For quickly subsetting ExprsArray
objects by subject annotations, we provide methods for the [
and $
operators that access the @annot
annotations slot directly. Below, we will use these operators to subset the “ALL.AML” column of the ExprsArray
object subjects assigned the “Case” class label.
array[array$defineCase == "Case", "ALL.AML"]
## [1] ALL ALL ALL ALL ALL ALL ALL ALL ALL ALL ALL ALL ALL ALL ALL ALL ALL
## [18] ALL ALL ALL ALL ALL ALL ALL ALL ALL ALL ALL ALL ALL ALL ALL ALL ALL
## [35] ALL ALL ALL ALL ALL ALL ALL ALL ALL ALL ALL ALL ALL
## Levels: ALL AML
The modSubset
function and the subset
method offer two alternatives for subsetting data.
modSubset(array, colBy = "defineCase", include = "Case")
## ##Number of classes: 1
## @exprs summary: 7129 features by 47 subjects
## @annot summary: 47 subjects by 12 annotations
## @preFilter summary:
## @reductionModel summary:
subset(array, subset = array$defineCase == "Case")
## ##Number of classes: 1
## @exprs summary: 7129 features by 47 subjects
## @annot summary: 47 subjects by 12 annotations
## @preFilter summary:
## @reductionModel summary:
When performing classification, an investigator will typically withhold some percentage of the data to use later when assessing classifier performance, effectively splitting the data into two. The first dataset, called the training set, gets used to train the model, while the other, called the external validation or test set, gets used to evaluate the model. This package offers two convenience functions for splitting the data, splitSample
and splitStratify
. The former builds the training set based on simple random sampling (with or without replacement), assigning the remaining subjects to the test set. The latter builds the training set using stratified random sampling. These functions both return a list of two ExprsArray
objects corresponding to the training set and test set respectively. Below, we use the splitStratify
function to build the training and test sets through a stratified random sample across the dichotomous (binary) classification annotation.
arrays <-
splitStratify(array,
percent.include = 67,
colBy = NULL)
##
## Pre-stratification table:
## df
## Case Control
## 47 25
##
## Weighted stratification results:
##
## Case Control
## 17 17
array.train <- arrays[[1]]
Above, all subjects not included in the training set (based on percent.include
) will automatically get assigned to the test set.
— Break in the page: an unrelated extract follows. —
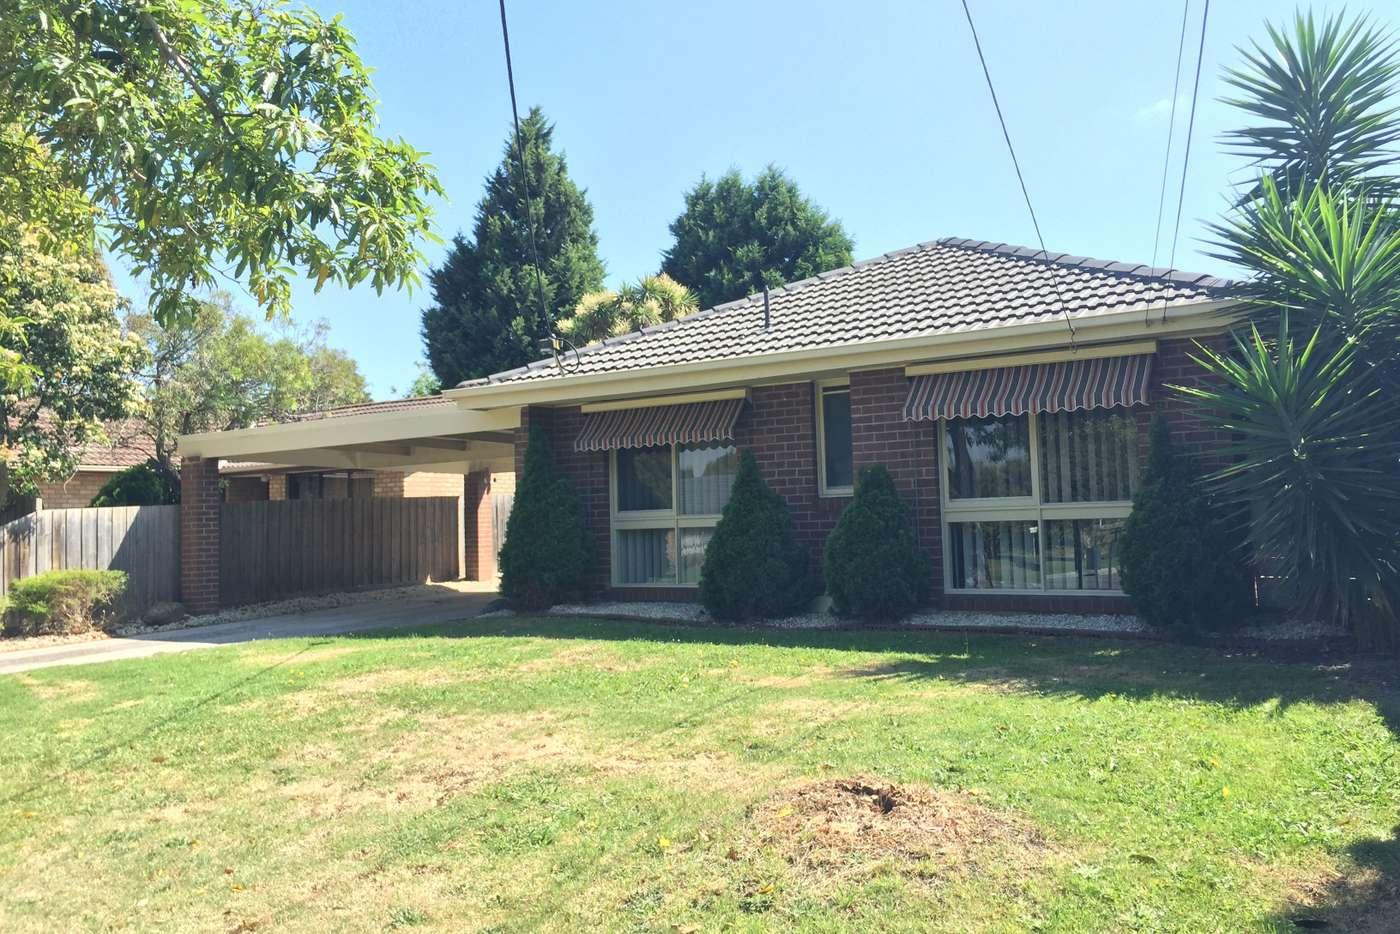 Main view of Homely house listing, 155 Carlton Road, Dandenong North VIC 3175

When using splitStratify
on a dataset with an unequal number of annotated subjects (e.g., more cases than controls), the resultant test set may contain relative annotation frequencies that differ from the training set. We can fix this so-called “imbalance” at the cost of reducing sample size by performing splitStratify
a second time. Now, we will use the test set as the input and let percent.include = 100
(keeping the other parameters the same). This will split the test set such that the new “training set” (i.e., slot 1) now contains the balanced test set and the new “test set” (i.e., slot 2) now contains the “spillover” due to balancing.
balance <-
splitStratify(arrays[[2]],
percent.include = 100,
colBy = NULL)
##
## Pre-stratification table:
## df
## Case Control
## 30 8
##
## Weighted stratification results:
##
## Case Control
## 8 8
array.test <- balance[[1]]
For more information, we refer the user to the package documentation, ?split
.
Considering the high-dimensionality of most genomic datasets, it is prudent and often necessary to prioritize which features to include during classifier construction. There exists a myriad of ways to perform the task of feature selection. This package provides functions for some of the most frequently used feature selection methods. Each function works as a self-contained wrapper that (1) pre-processes the ExprsArray
input, (2) performs the feature selection, and (3) returns an ExprsArray
output with an updated feature selection history.
These feature selection histories get passed along at every step of the way until they eventually get used to pre-process an unlabeled dataset during classifier deployment (i.e., prediction). In the spirit of open source programming, we encourage users to submit their own feature selection functions, modeled after those provided in this library.
The first of these feature selection functions, fsStats
, performs some of the most basic feature selection methods: those rooted in simple statistical tests. Specifically, this function will rank features based on either the Student’s t-test or the Kolmogorov-Smirnov test. Below, we rank features according to the results of a Student’s t-test.
array.train <-
fsStats(array.train, top = 0, how = "t.test")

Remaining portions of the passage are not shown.